Гибель Петрограда
(Фантастика Серебряного века. Том XII) - Страница 19
Он пристально смотрел на меня, как бы желая долгим, сосредоточенным взглядом заставить проникнуться его горем.
— Я пойду к ней, — неожиданно сказал Вуич. Он улыбнулся.
— Когда?
— Сейчас.
— Полно! Полно! — возразил я. — Не надо, не надо, Вуич, слышишь, милый? — Я взял его руку и крепко пожал ее. — Разве нет гордости?

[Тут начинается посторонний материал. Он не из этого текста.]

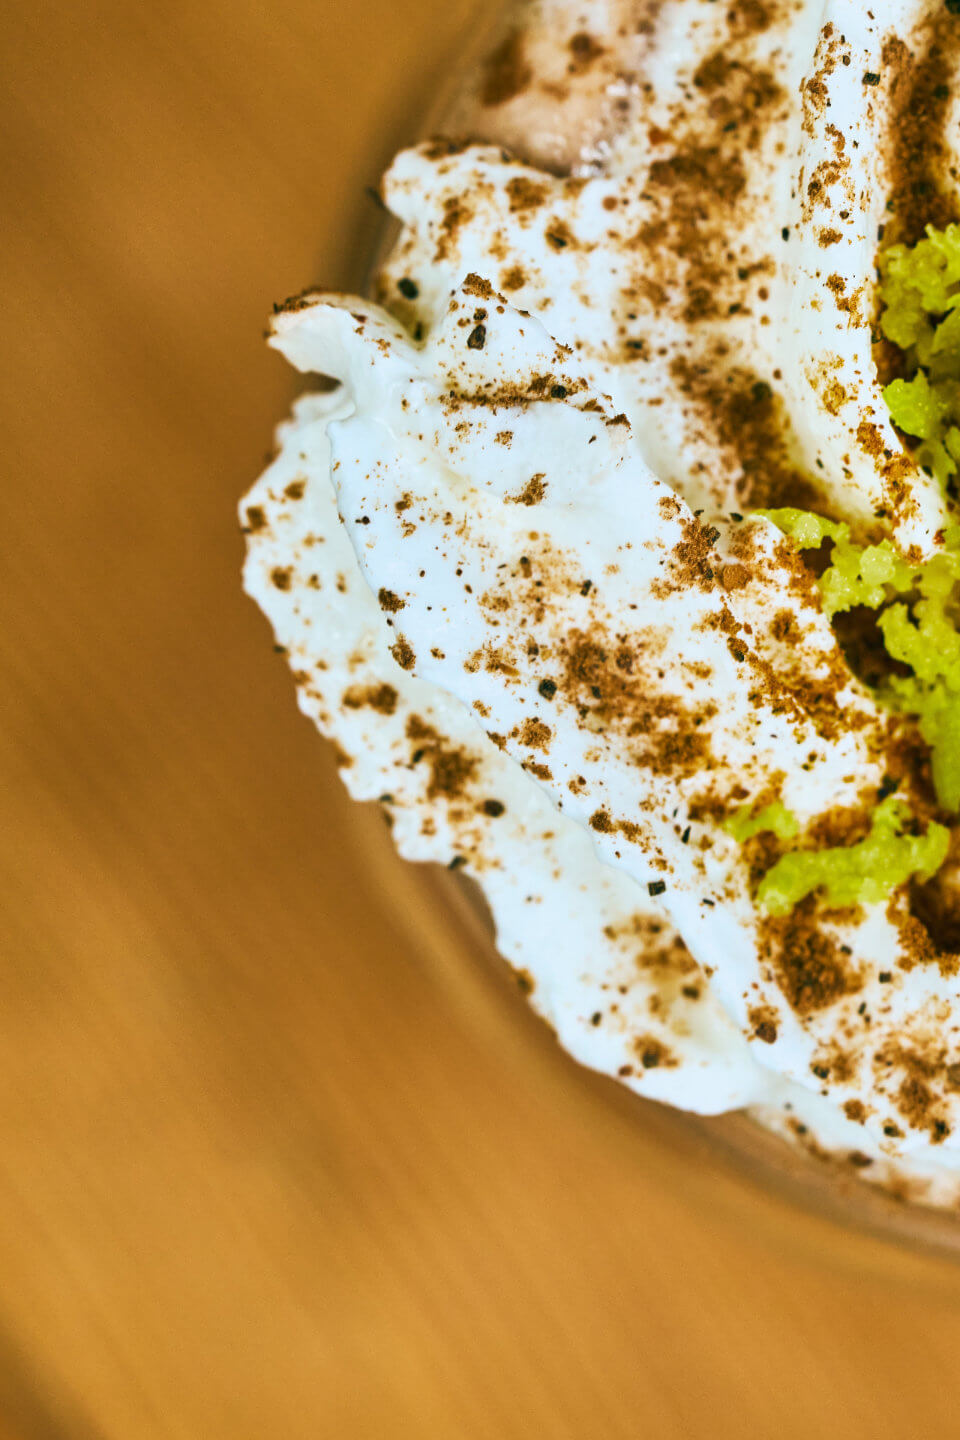 A coffee featuring fluffy white whipped cream sprinkled with brown spices, with a layer of green crumbles beneath, all presented on a beige surface.

— Нет, — тихо сказал он и посмотрел на меня глазами ребенка.
Спорить было бесцельно. Отыскав шляпу, я догнал Вуича; он спускался по лестнице и обернулся.
— Пойдем вместе, Лев, — жалобно сказал он, — с тобой, конечно, я просижу сдержанно, отсутствие посторонних вызовет слезы, злобу и… бессильную страсть.
Я согласился. Мы перешли мост, вышли на Караванную и, не разговаривая более, приехали трамваем к Исаакиевскому собору. Вуич, торопясь, покинул вагон первым. Я, выйдя, закурил папиросу, для чего мне пришлось немного остановиться, так что мой друг опередил меня по крайней мере на шестьдесят-восемьдесят шагов.
Я намеренно указываю эти подробности в силу значения их в наступившем немедленно вслед за этим сне наяву.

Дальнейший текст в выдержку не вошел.